In the world of organized crime the boss has the last say, and his lieutenants and foot soldiers have to go "upstairs" to get tacit approval for their deals and to keep the boss up to speed on what's going down. Or, at least, that's how the bosses would like it to go. OK, I confess to having watched a certain trilogy of Francis Ford Coppola films more than a few times! Another key aspect of the criminal underworld is that the junior guys have to "kick up" a decent percentage of proceeds from their dealing, and of course, everybody eventually kicks up to the boss. Maybe we're just seeing the "foot soldiers," our own elected representatives, kicking up to the real bosses, the financial oligarchs who seem increasingly to have the final say in decisions which impact all Americans.

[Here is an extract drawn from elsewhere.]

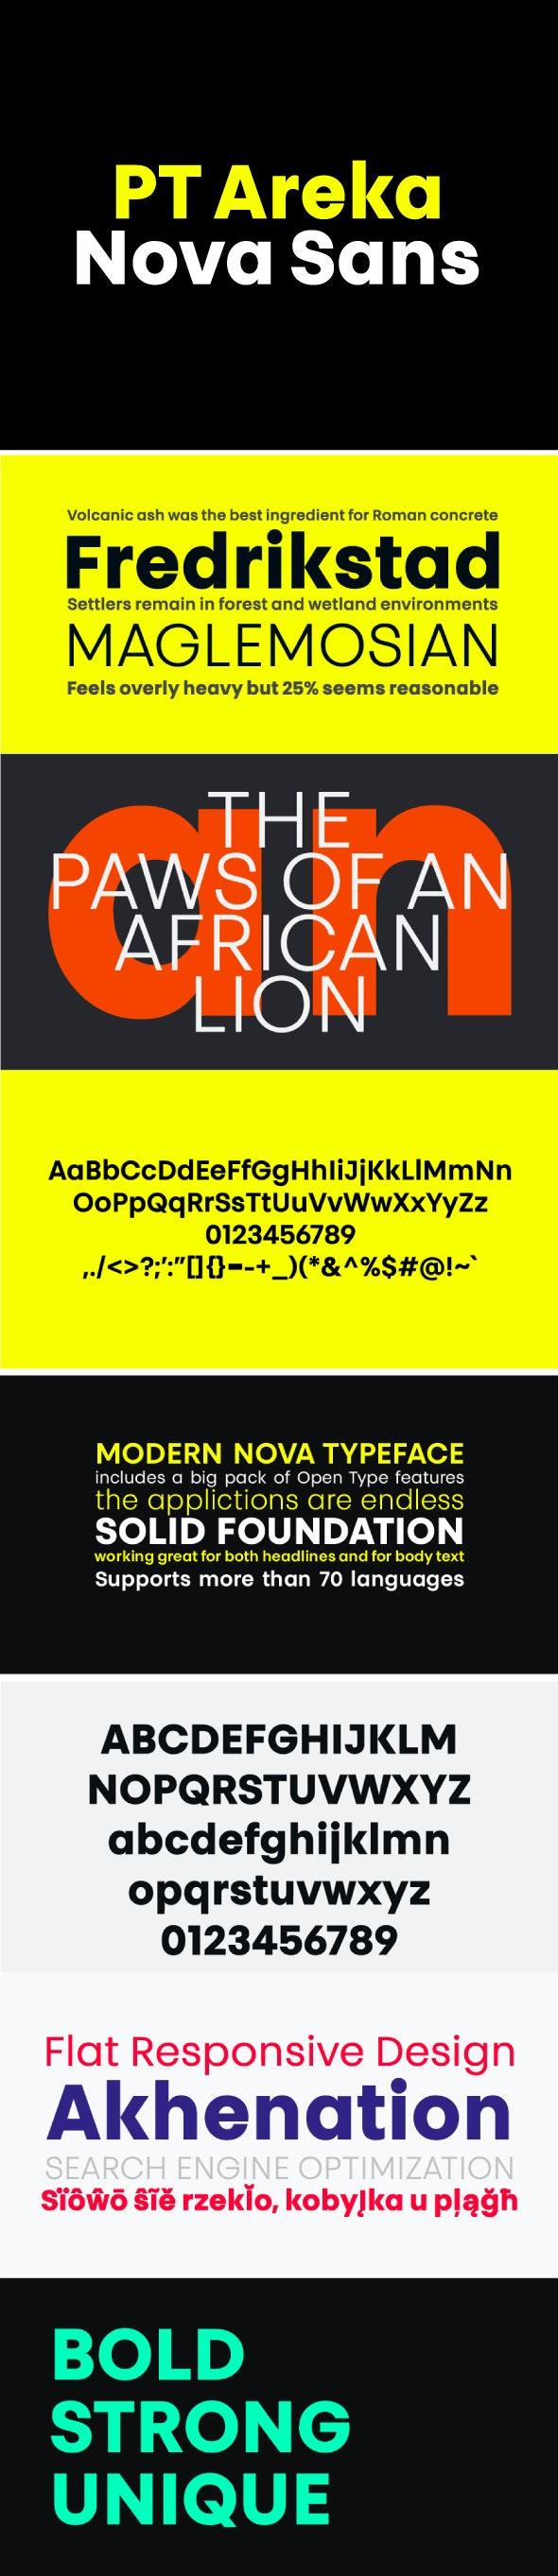 PT Areka Nova Font - Miscellaneous Sans-Serif

Moreover, the boss always holds the fear of reprisal over the heads of his underlings. Don't let the boss find out you've been holding out on a particular deal, that's a good way to get yourself whacked. It would seem that our real economic masters are now holding the whole country hostage with a similar kind of fear, "better pay up or we'll just whack the whole economy." While undoubtedly these analogies are not perfect, they seem to hold more than a grain of truth. Chiefly, that corruption is much more endemic to "free market" capitalism than is ever admitted in our supposedly free corporate media. We love to talk about the corruption present in other countries economies and governments, but nothing can compare to the levels of corruption we have seen on Wall Street recently, and which have had devastating consequences here and around the world.